G9 — manylinux/auditwheel vendored-library pairing¶
Registry: UC-WF-wheel-vendored (planned)
Effort: M · Risk: low
Problem¶
compare-release on two manylinux/macOS wheels of the same project treats
every vendored dependency as removed + re-added, so the real
version-to-version ABI delta of the bundled stack is never computed.
auditwheel (Linux) and delocate (macOS) rewrite each vendored library to
lib<name>-<hash>.so.<ver> and rewrite its SONAME to match. The hash is
content-derived and changes on every rebuild, so library matching — which keys
on filename/SONAME — pairs nothing. Empirically (Pillow 10.4.0 → 12.2.0): 15
"library removed" + 18 "library added" warnings, and the real libpng16
16.43.0 → 16.56.0 / libjpeg / freetype / harfbuzz deltas are lost, even though a
direct file-to-file compare of the two libpng16s yields a clean COMPATIBLE
verdict — confirmed by empirically scanning real manylinux wheels.

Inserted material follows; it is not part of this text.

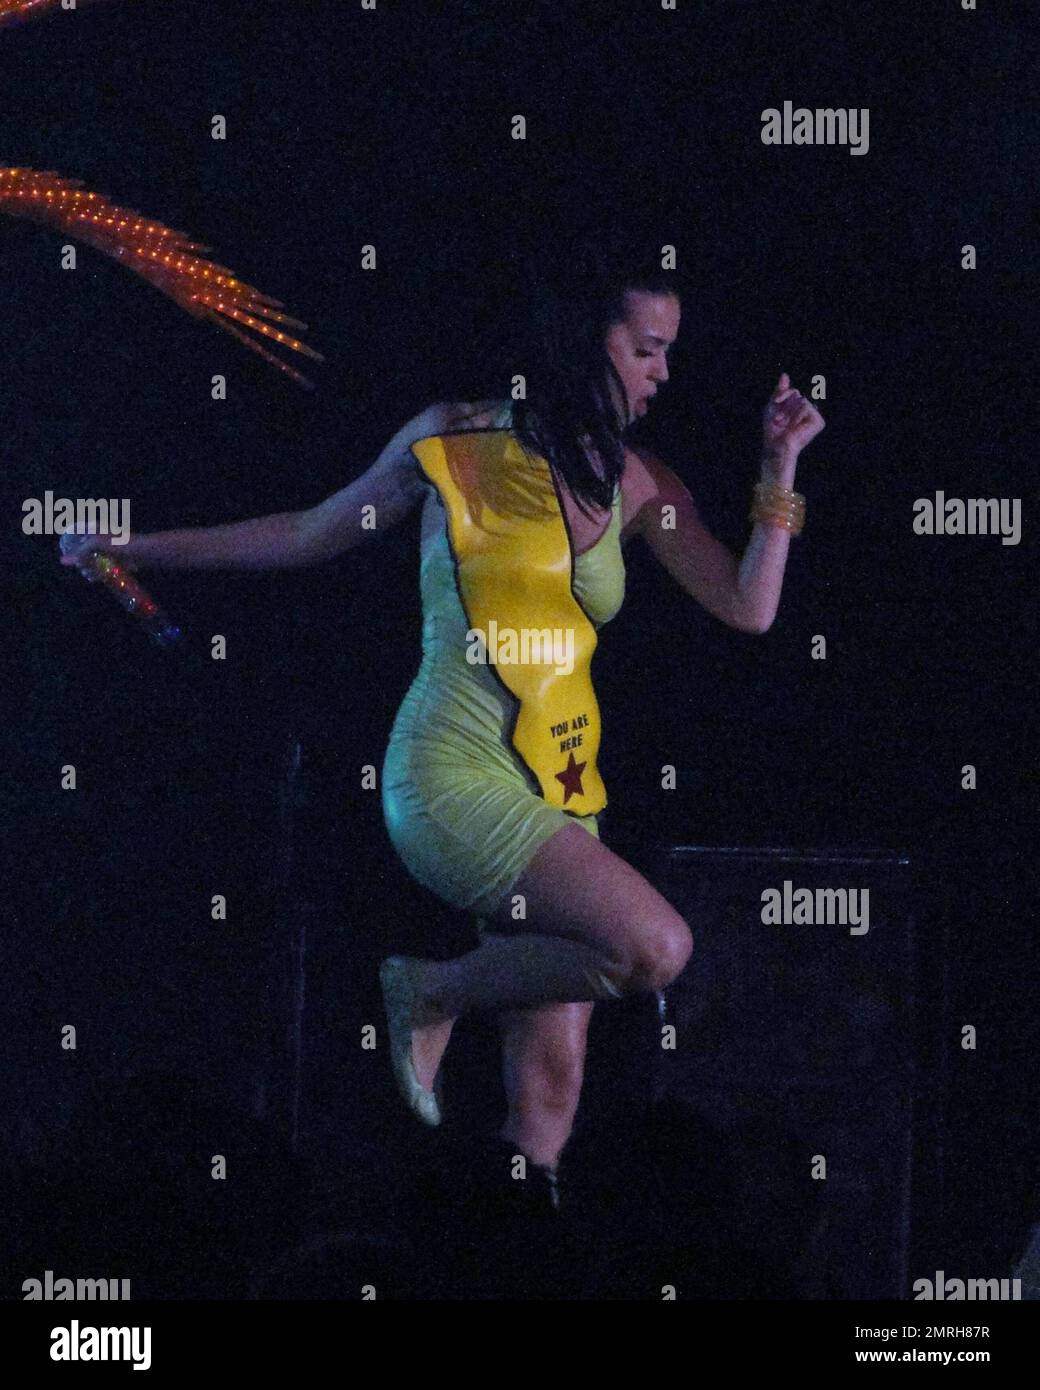 Katy Perry, chanteur-compositeur international, se produit en direct à  Atlantis Paradise Island, dans la Grand Ballroom. Perry s'est produit  devant les clients de l'Atlantis, portant une robe en caoutchouc vert  citron ornée

Corpus evidence. A 43-wheel scan (popular C-extension packages, two releases each) found this on every package that vendors a stack — 42 phantom removed+added pairs in total:
| Wheel | Phantom-paired vendored libs | What is lost |
|---|---|---|
| Pillow 9.5 → 11.0 | 15 | libjpeg 62.3→62.4, libpng16 16.39→16.44, freetype, harfbuzz, tiff, webp, lcms2, lzma 5.4→5.6, … (the whole stack) |
| opencv-python 4.8 → 4.10 | 14 | ffmpeg (avcodec/format/swscale), Qt5 5.15.0→5.15.13, openssl 1.1, libvpx 8→9 |
| psycopg2-binary 2.9.7 → 2.9.10 | 5 | libpq 5.15→5.16, openssl, openldap |
| pyzmq 25.1 → 26.2 | 2 | libsodium SONAME 23→26, libzmq |
| numpy / shapely / h5py | 2 each | libgfortran/libquadmath, libgeos, libhdf5 |
This is not only noise: it also causes false negatives. pyzmq bundles
libsodium with a SONAME bump 23.3.0 → 26.1.0 — a real ABI break of the
vendored dependency — which abicheck currently hides as "removed + added"
instead of flagging. Pairing by unhashed stem and then diffing per dependency
(below) surfaces it as the real signal.
Goal & acceptance criteria¶
- [ ]
compare-releasepairslib<name>-<hashA>.so.<ver>withlib<name>-<hashB>.so.<ver>across two wheels, computing a per-dependency verdict instead of removed/added noise. - [ ] Pairing is driven by the unhashed soname stem (e.g.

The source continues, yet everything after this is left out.